About this exercise
Pictures are to be excluded. Please print only the lines from the one containing "Prot: Skål av" through the end of the data, exactly as they appear.

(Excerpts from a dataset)
★ ★ ★ ★ ★

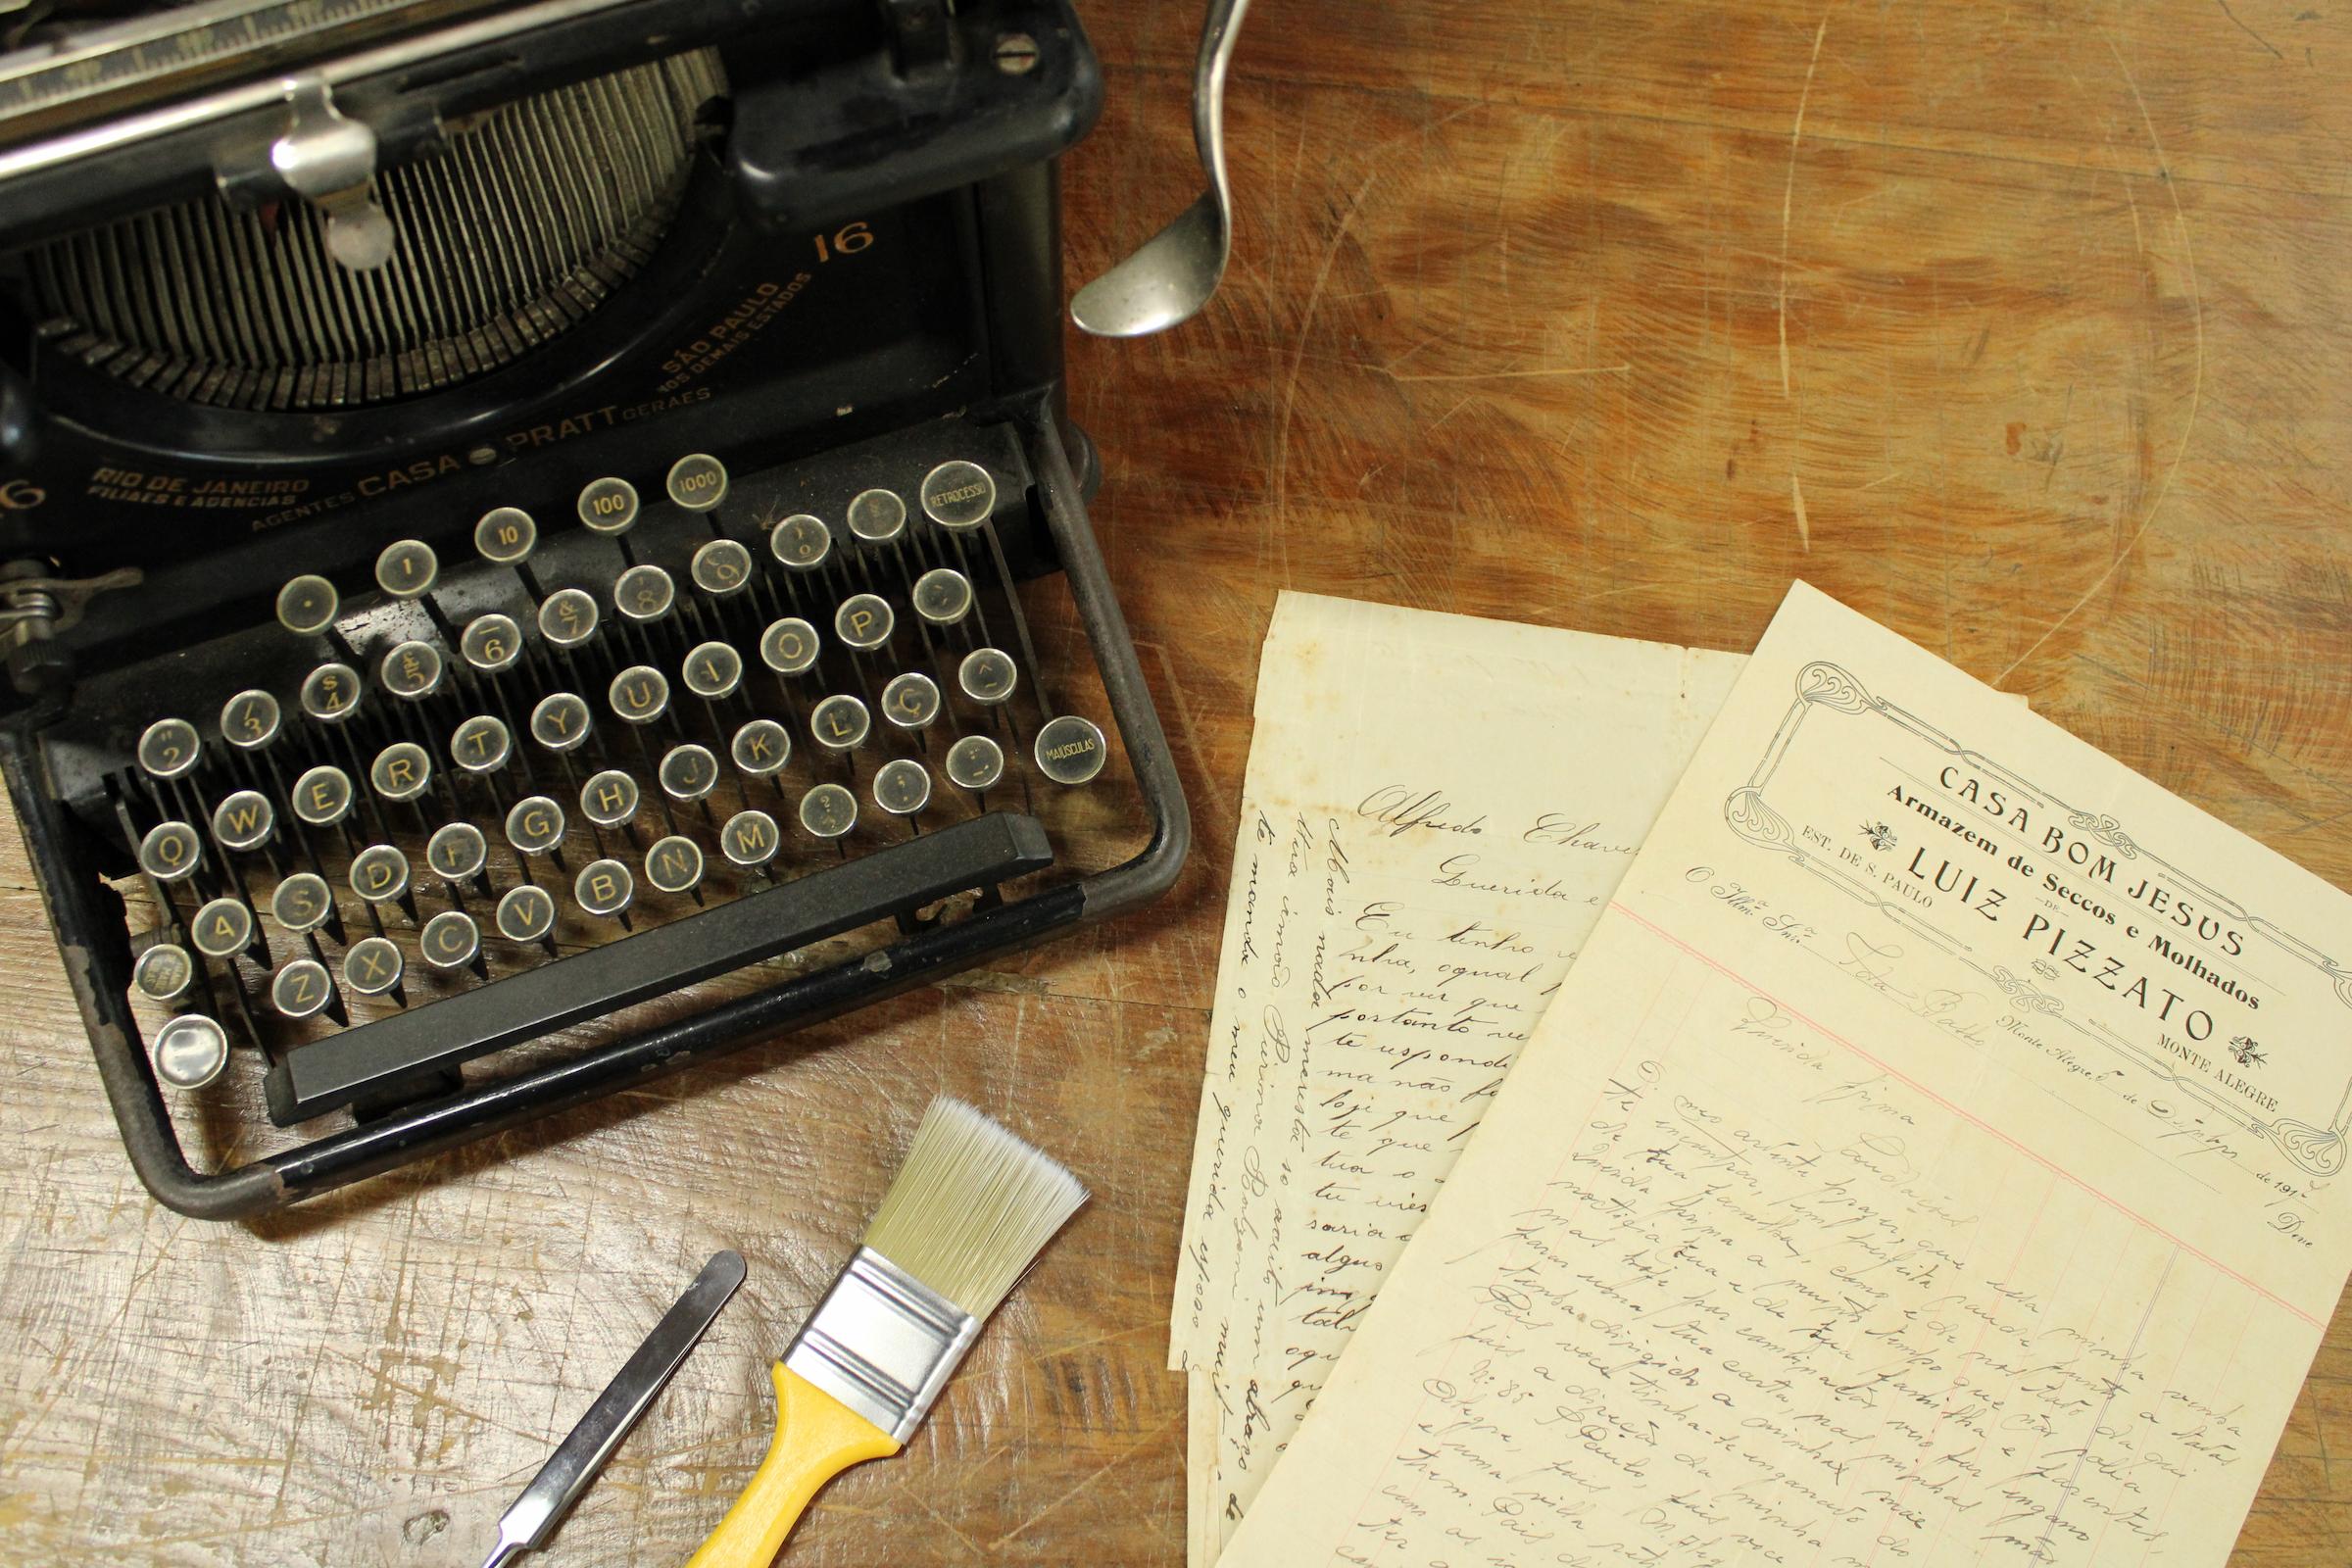 Foto de uma máquina de escrever antiga ao lado de alguns documentos antigos sobre uma mesa.
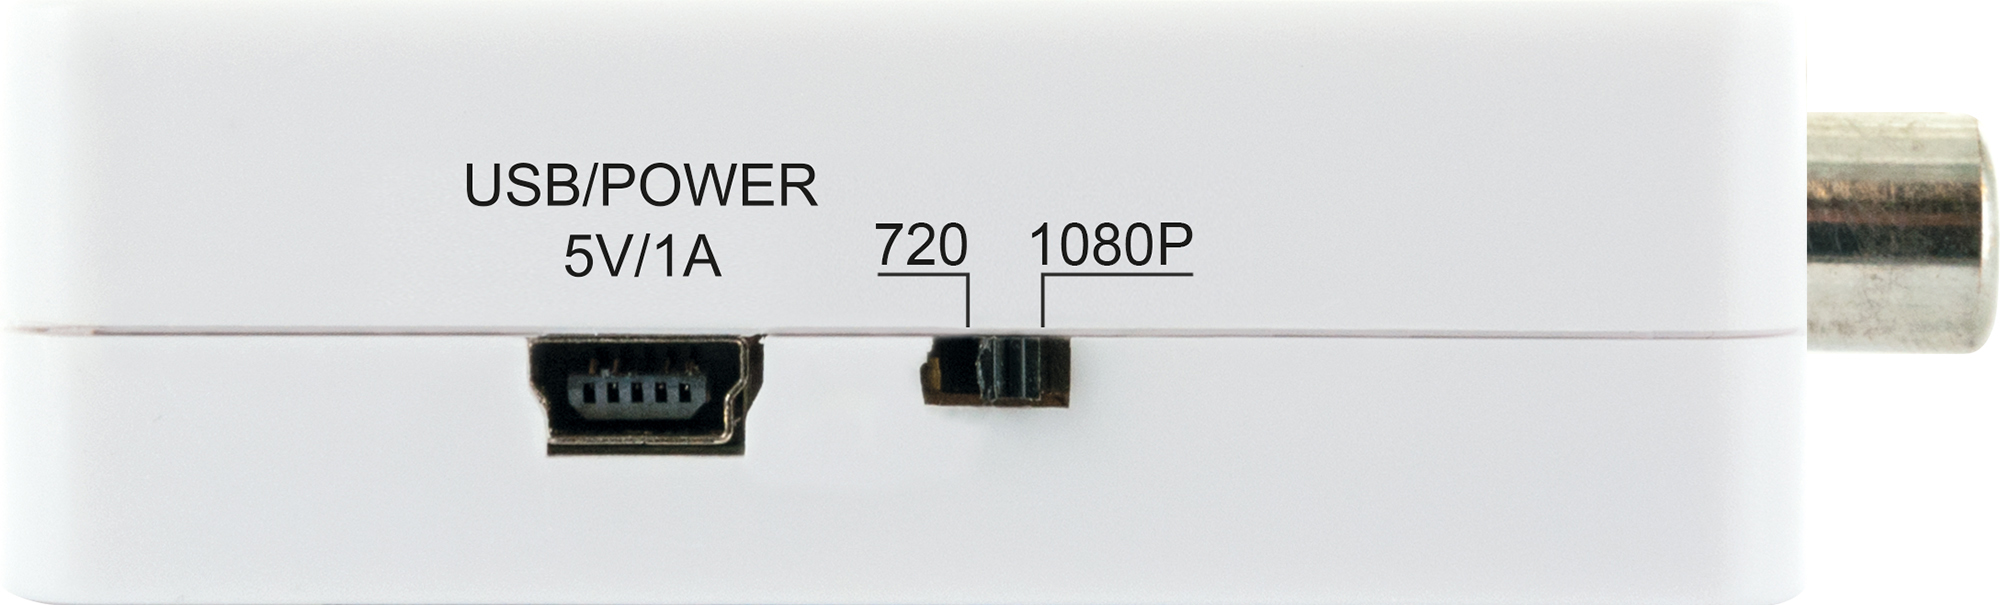 513- -HDMRCA01 SCHWAIGER AV-HDMI-Konverter
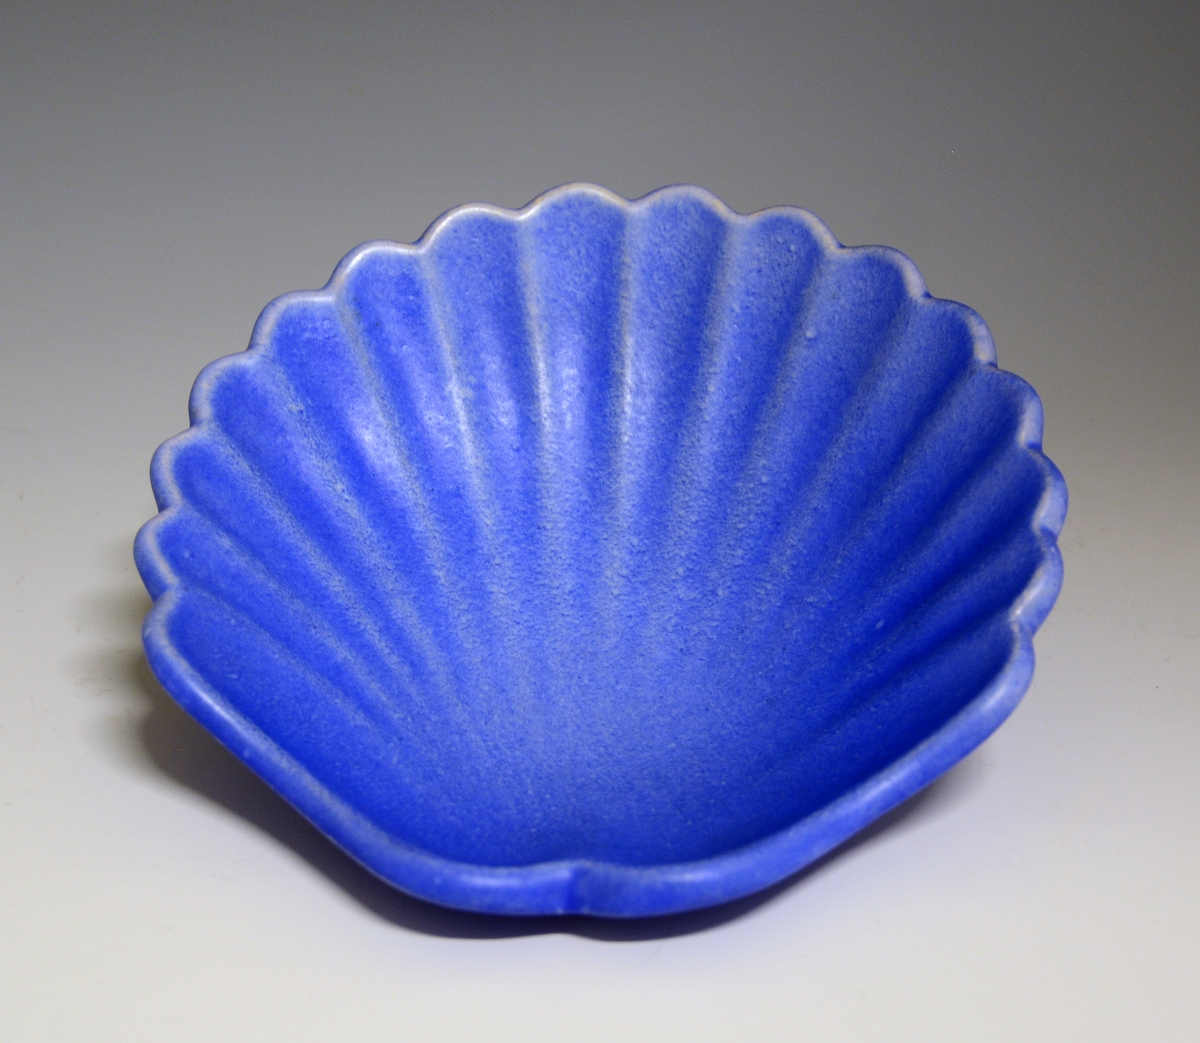 Prot: Skål av "keramikk" formet som et skjell. Blå glasur.

Modell: 5061 
Dekor: 1032

★ ★ ★ ★ ★

Response area
 Prot: Skål av "keramikk" formet som et skjell. Blå glasur.

Modell: 5061 
Dekor: 1032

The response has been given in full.